After he sentenced me, Judge Abbas Mohammed Al-Khalifa suspended the sentence and offered me a sort of deal, “We will give you three days to return to Islam,” he said. “If you do so, we will drop the charges against you.” Seventy-two hours later, on 15 May 2014, he wanted to see me. It was a difficult moment, the hardest since the police knocked on my door and took me and my son to prison three months earlier on 17 February.
The judge, dressed in black, with a harsh expression on his face, incapable of showing emotions and even less empathy, asked me what I had decided, whether I had accepted his offer. I refused. He insisted. We went on like this for about forty minutes but I never wavered for a moment. I knew what was at risk and what I would get if I gave in to his demands, but I could not betray my religion, the thing that had made me who I was and gave my every breath meaning. My faith was my strength, my support, the light that shone on my darkest moments. I was sure that the Lord would not abandon me and that he would be by my side until my last breath.

During the reading of the judgement, Judge Al-Khalifa stressed the fact that he had given me three days to recant Christianity but that I had refused. For this reason, he concluded, because I did not appreciate the court’s  concession and did not return to Islam, I deserved a severe penalty.I listened without ever lowering my gaze, while outside the courthouse, a small group of extremists heard the sentence and celebrated with shouts of “Allah Akbar”, “God is great”.

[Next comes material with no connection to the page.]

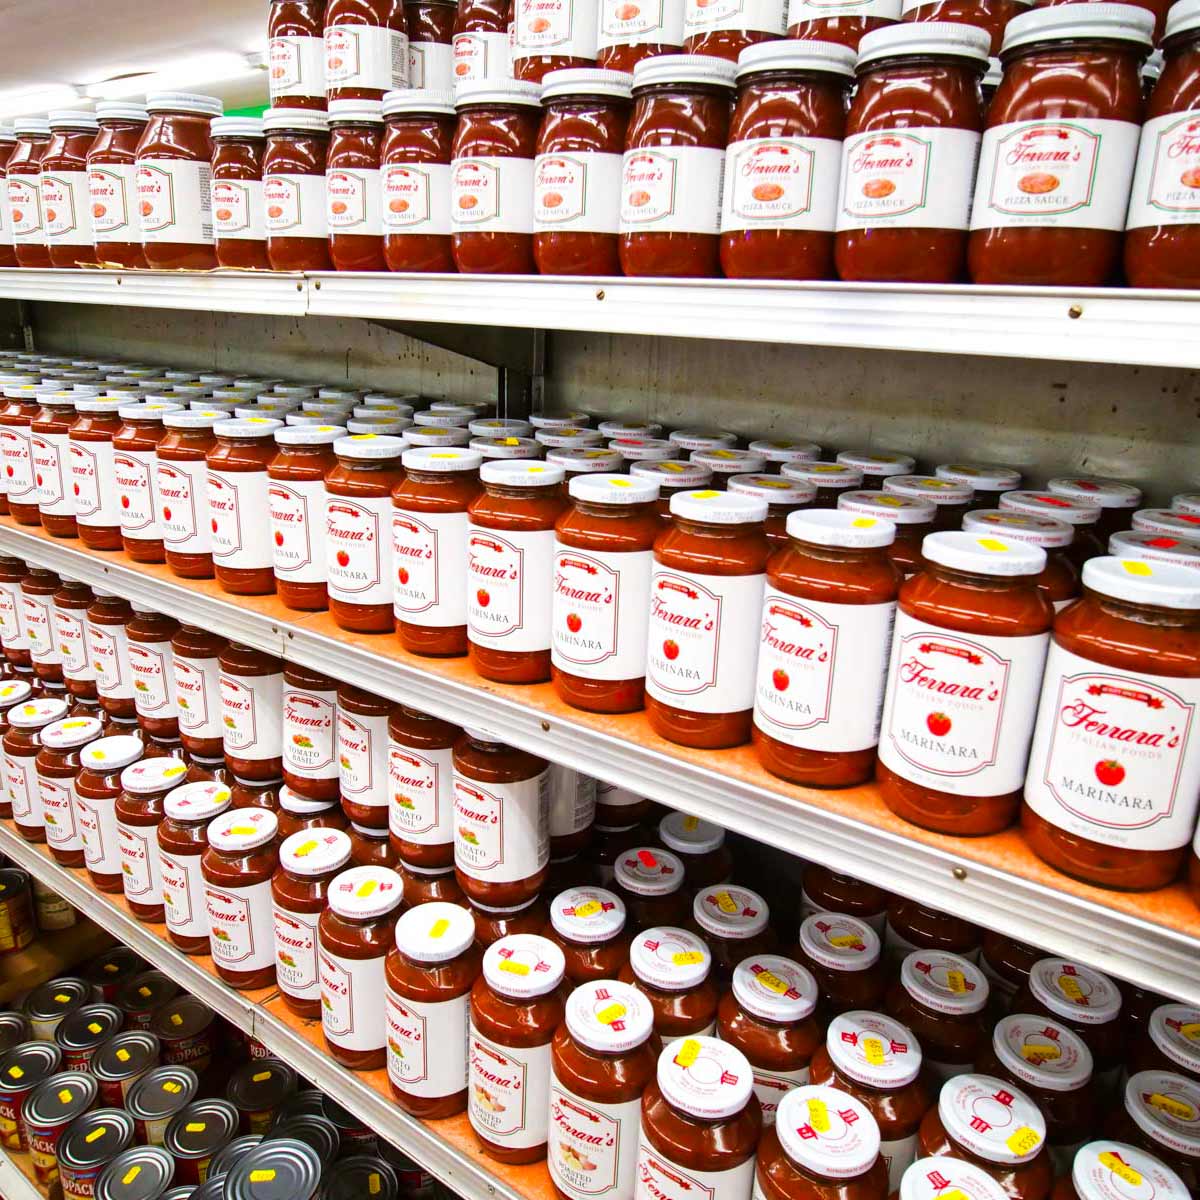 Ferrara's sauces stocked on shelves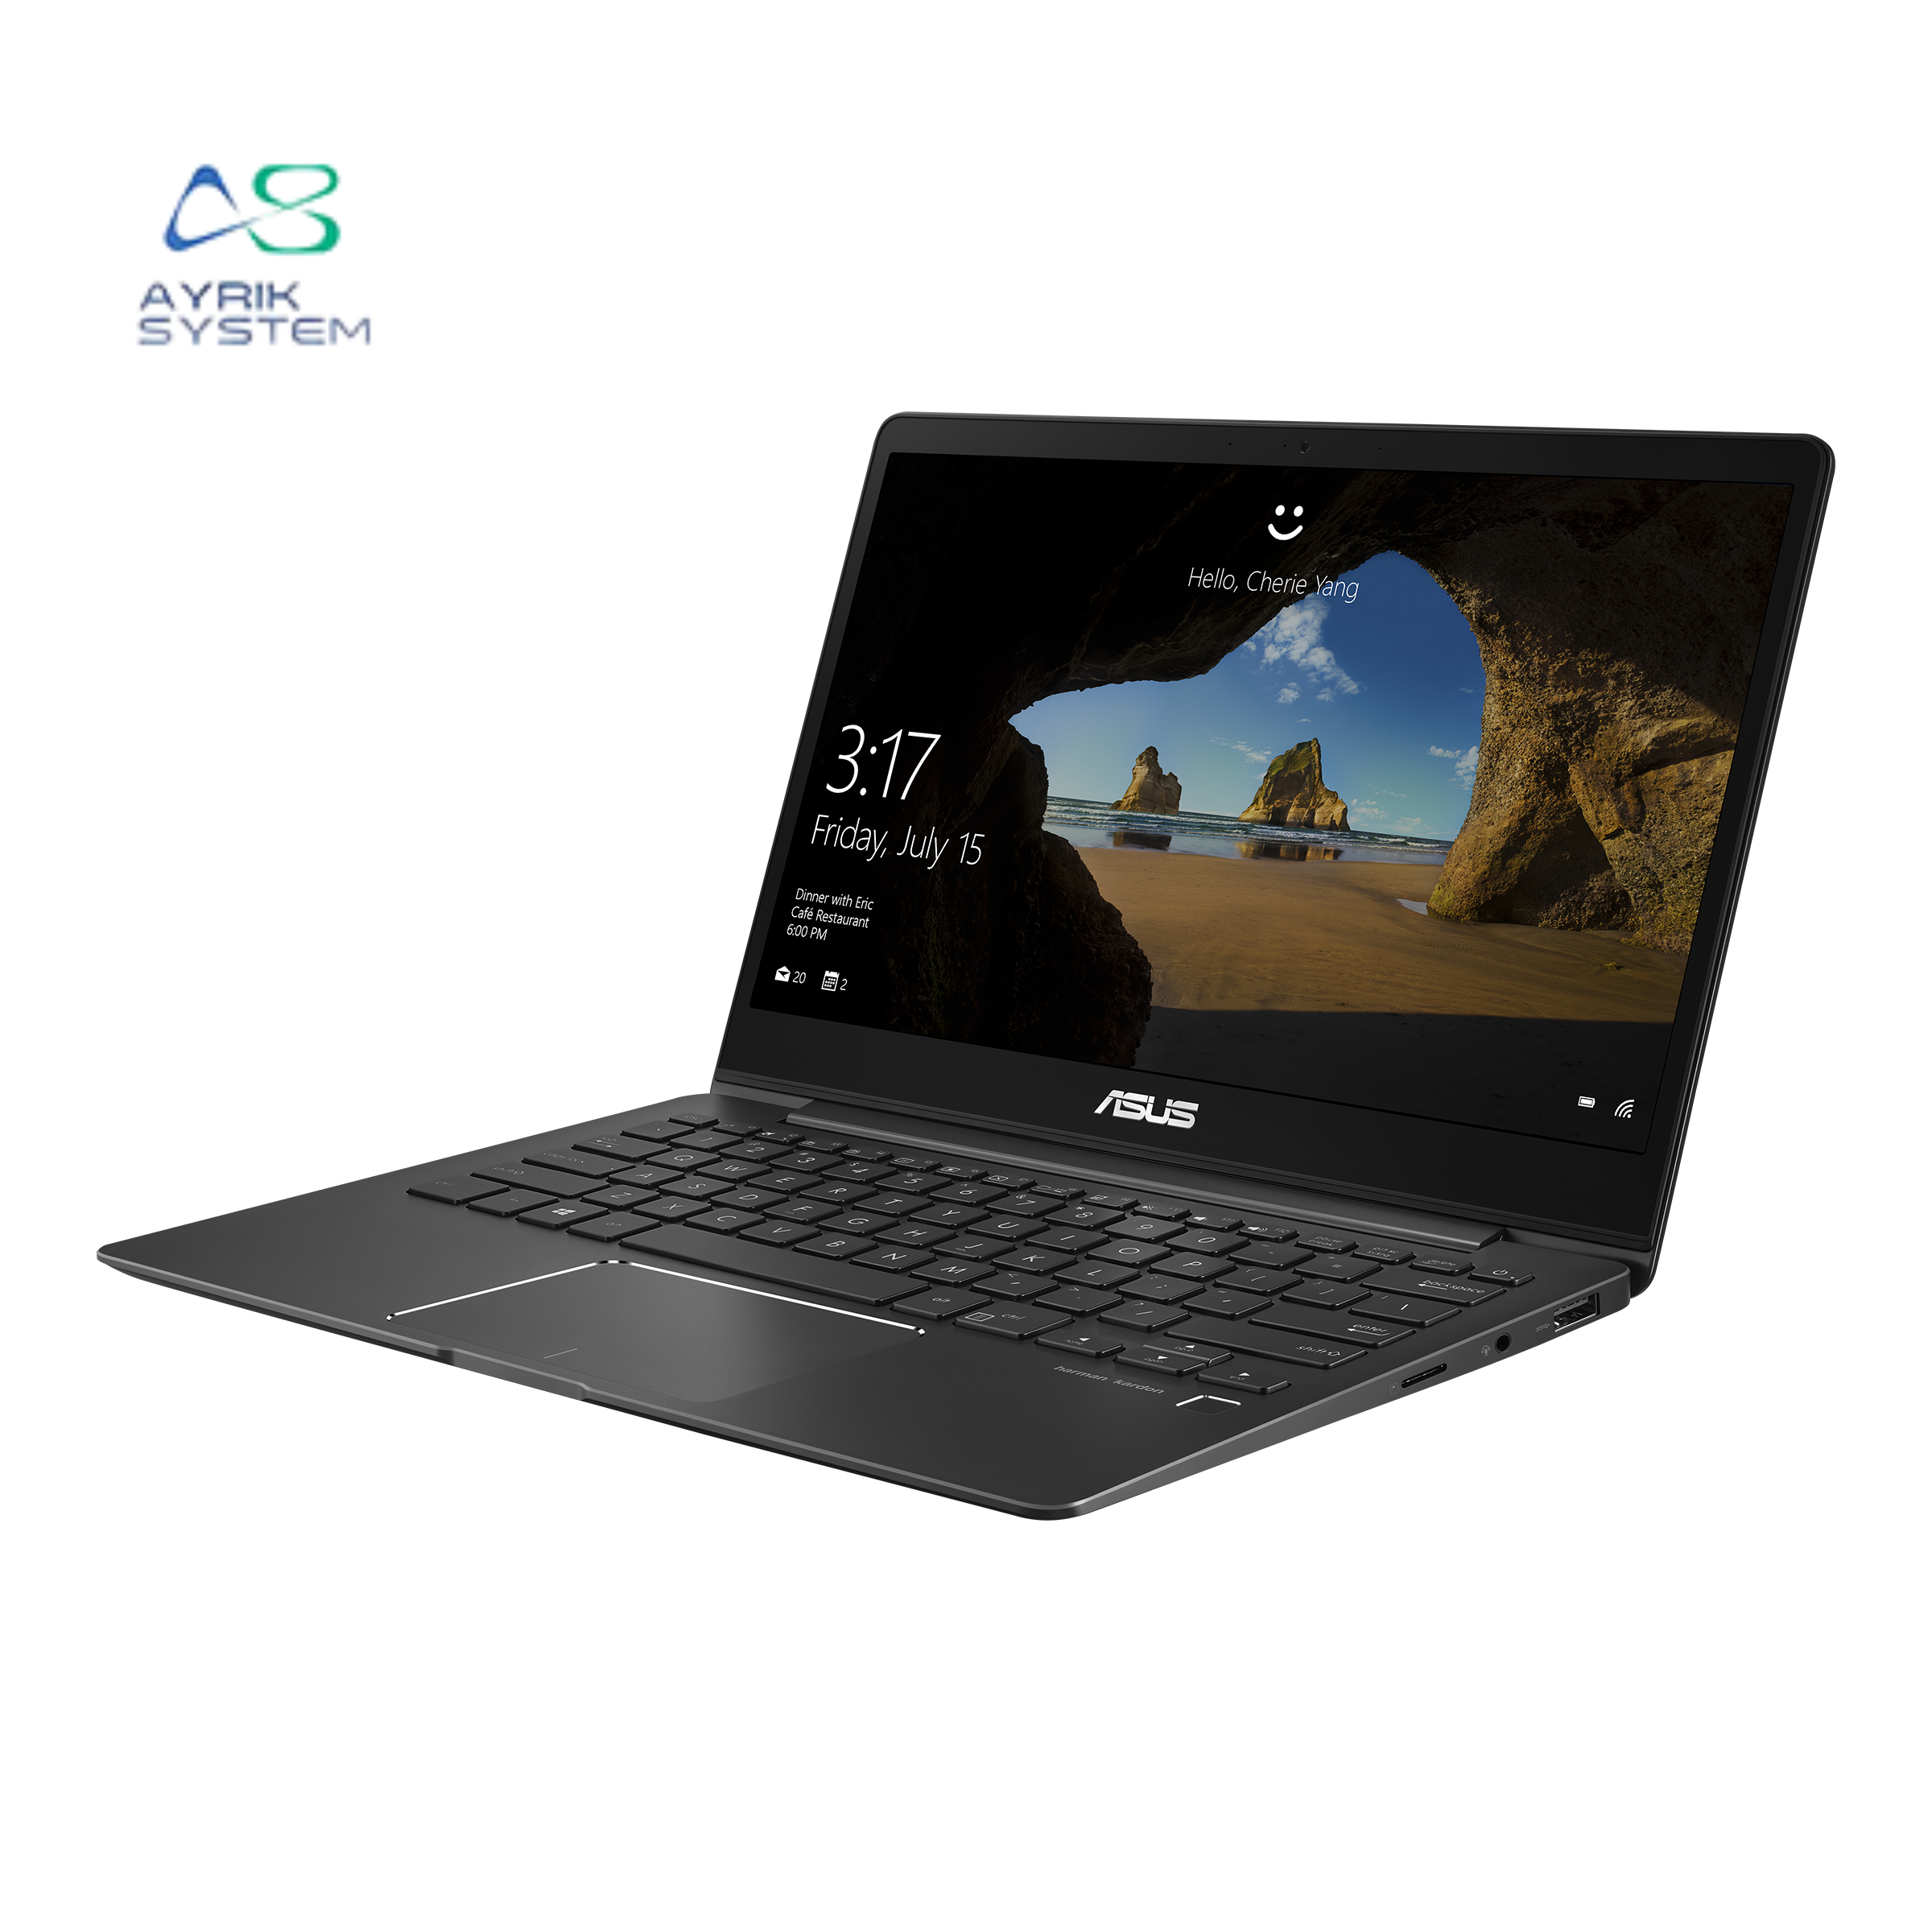 لپ تاپ ایسوس Asus ZenBook UX331FN  i7(8665U) 16GB DDR4 512SSD  Intel UHD  GeForce MX150 2GB

In that moment, I didn’t know I was a symbol, and it didn’t matter to me. All I was thinking about was my husband, my little Martin and the life growing inside of me. I was thinking that two words would have been enough to wake me from that nightmare and get back to a normal life. But I knew I would never say them. Not then not ever. I would have taken any punishment to defend my dignity and defend the right to the freedom and choice of religion. Whatever it might be.